[Input data Boundary: Start]
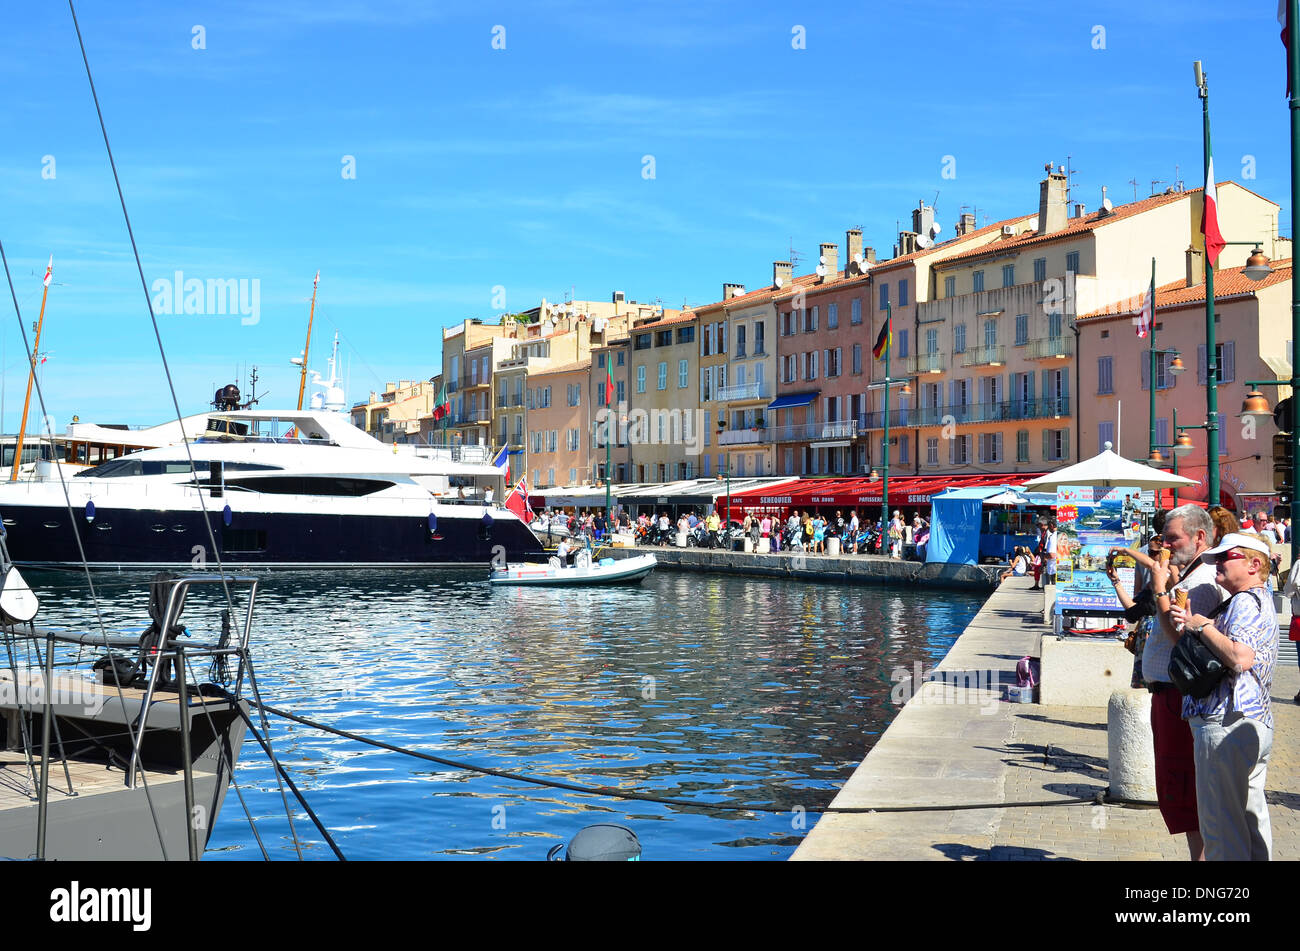 Port of Saint-Tropez, cote azur,  France Stock Photo
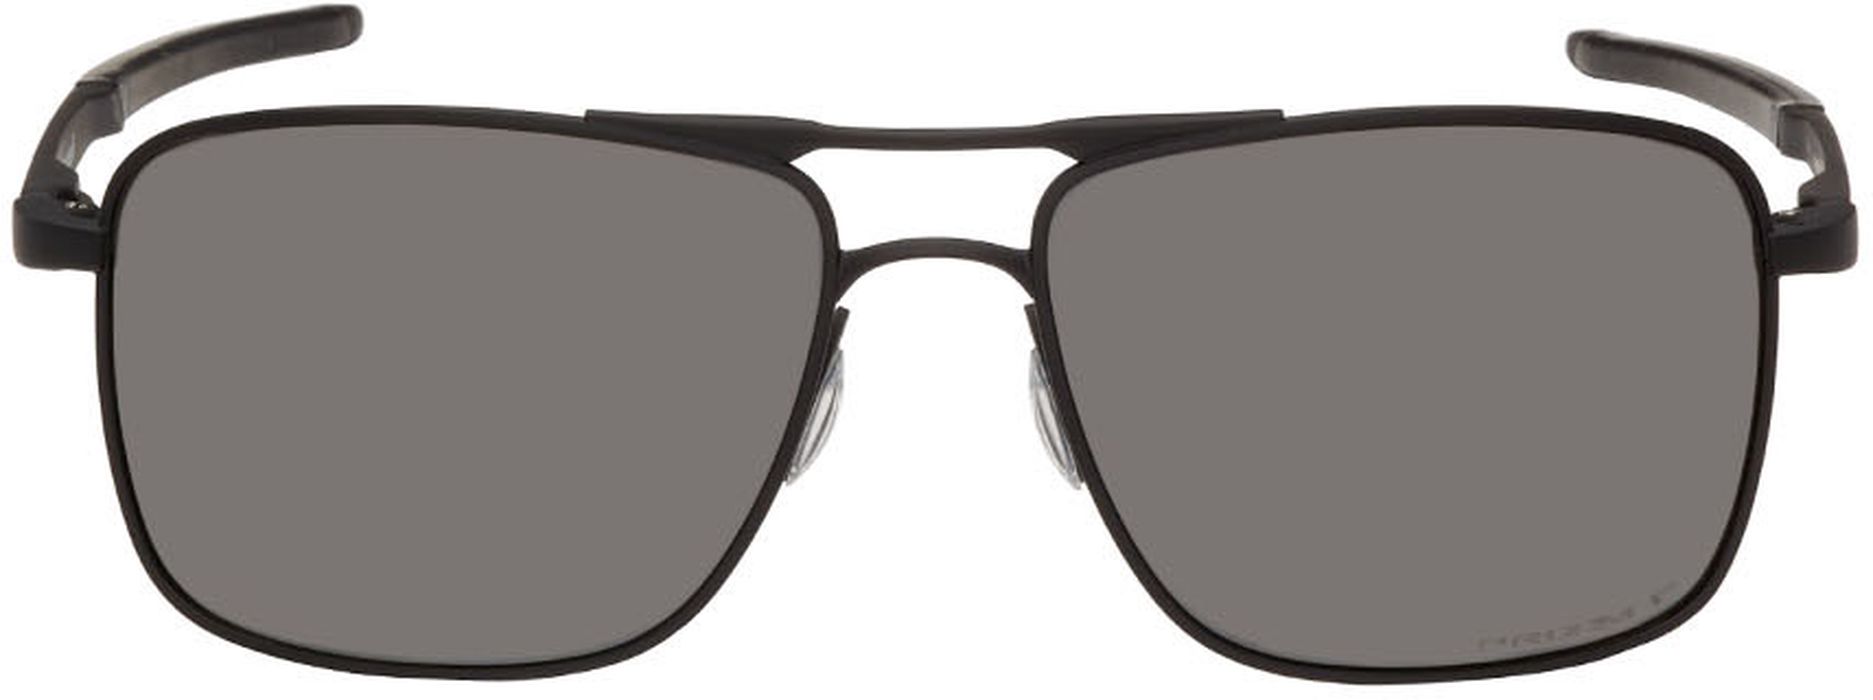 Oakley Black Gauge 6 Sunglasses
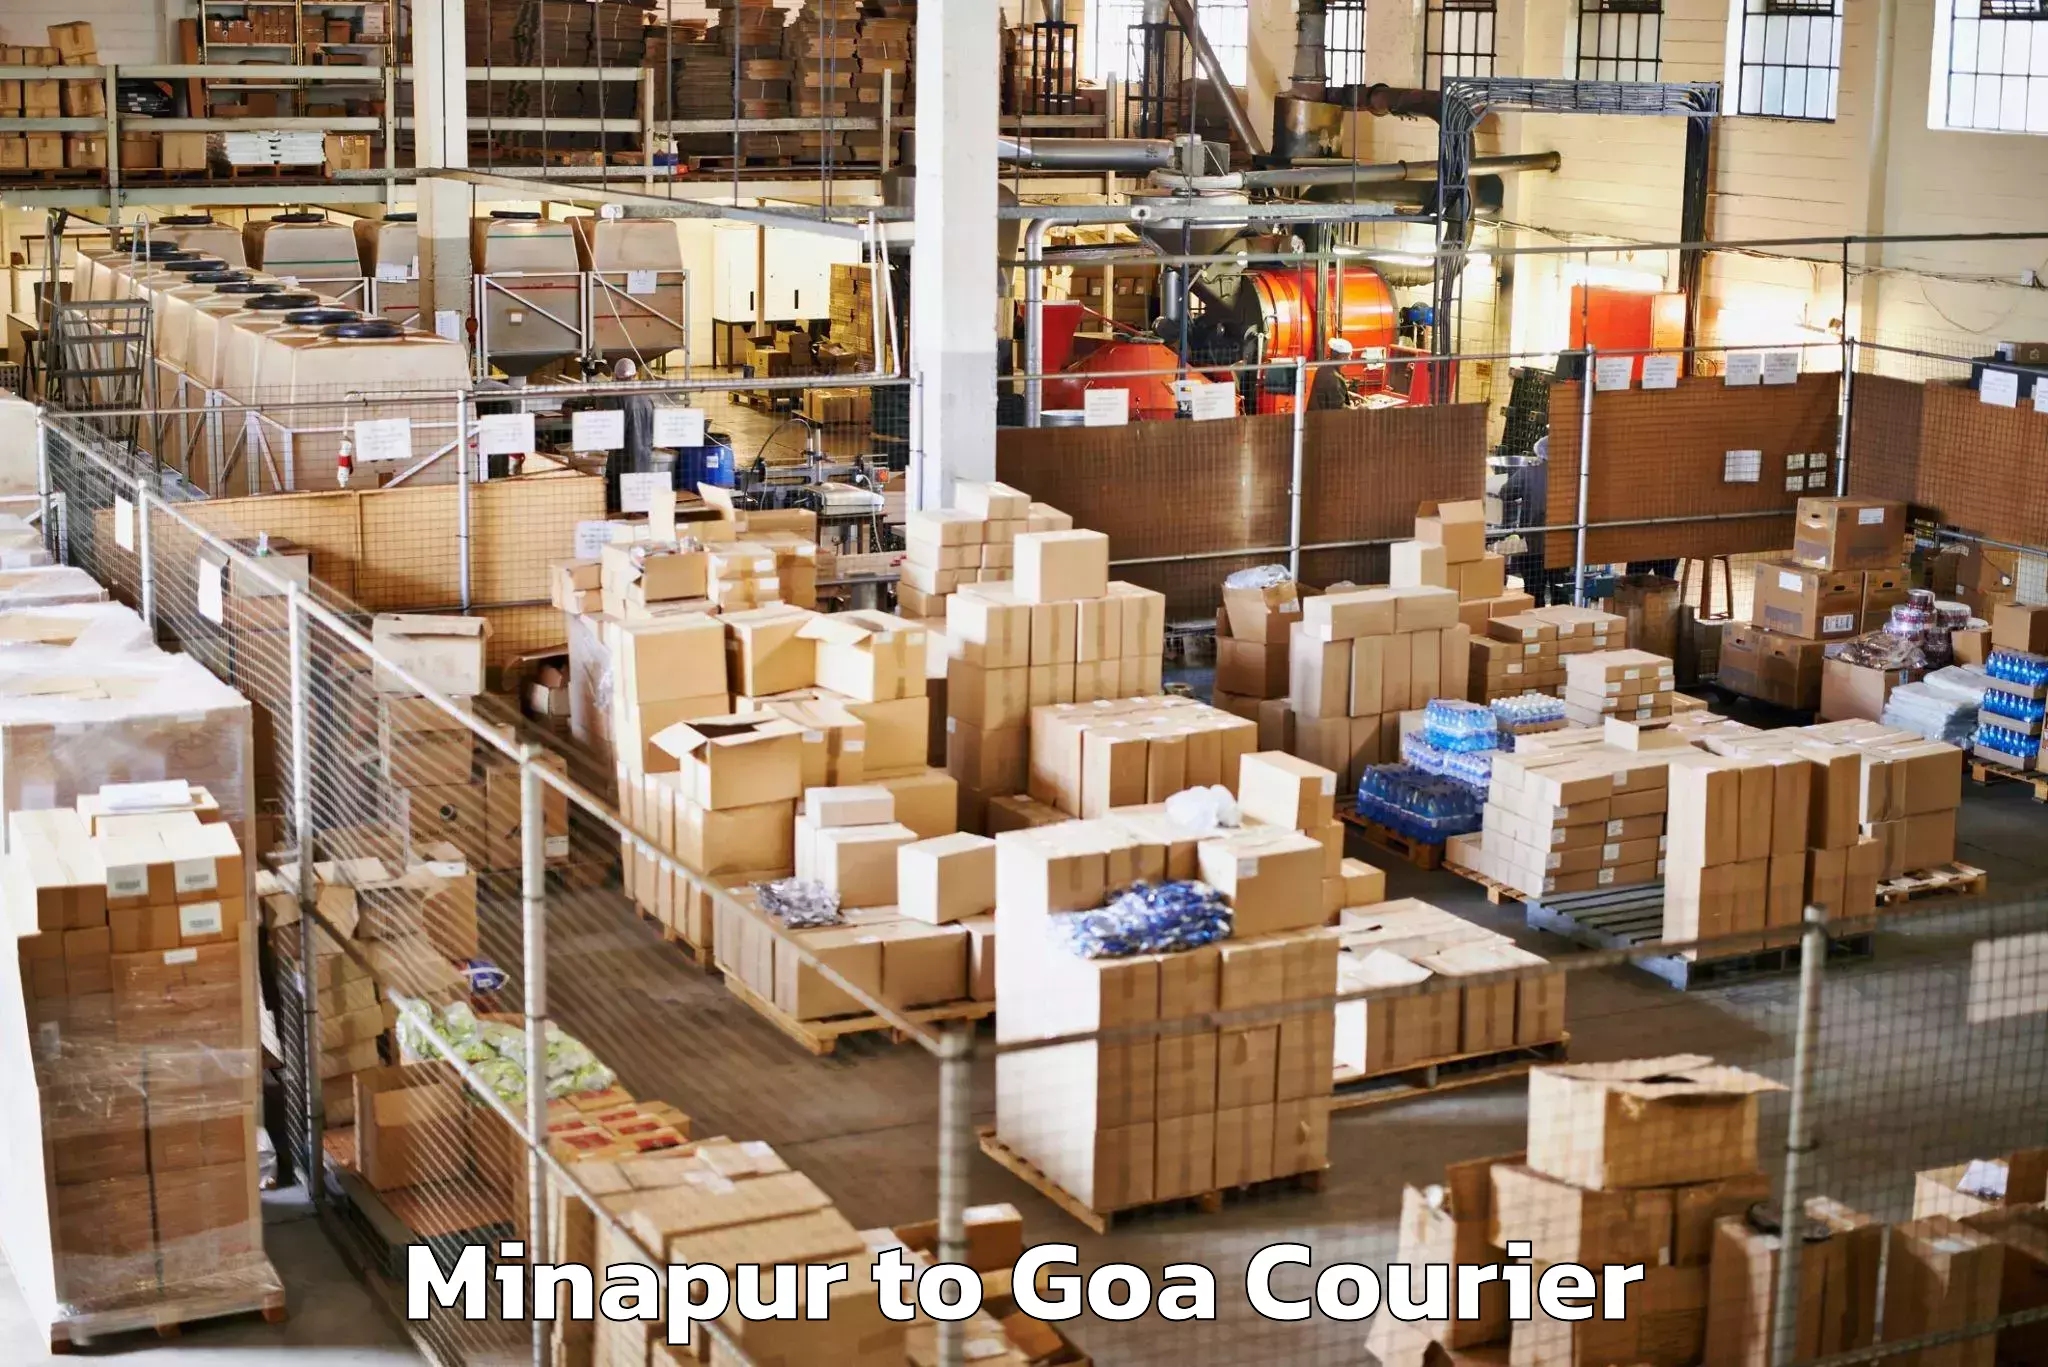 Baggage transport professionals Minapur to Goa
[Input data Boundary: End]
In the material above, retype exactly the lines that run from the one containing "Oakley Black Gauge 6 Sunglasses" through the last line, and keep out the pictures.

 Oakley Black Gauge 6 Sunglasses
 Baggage transport professionals Minapur to Goa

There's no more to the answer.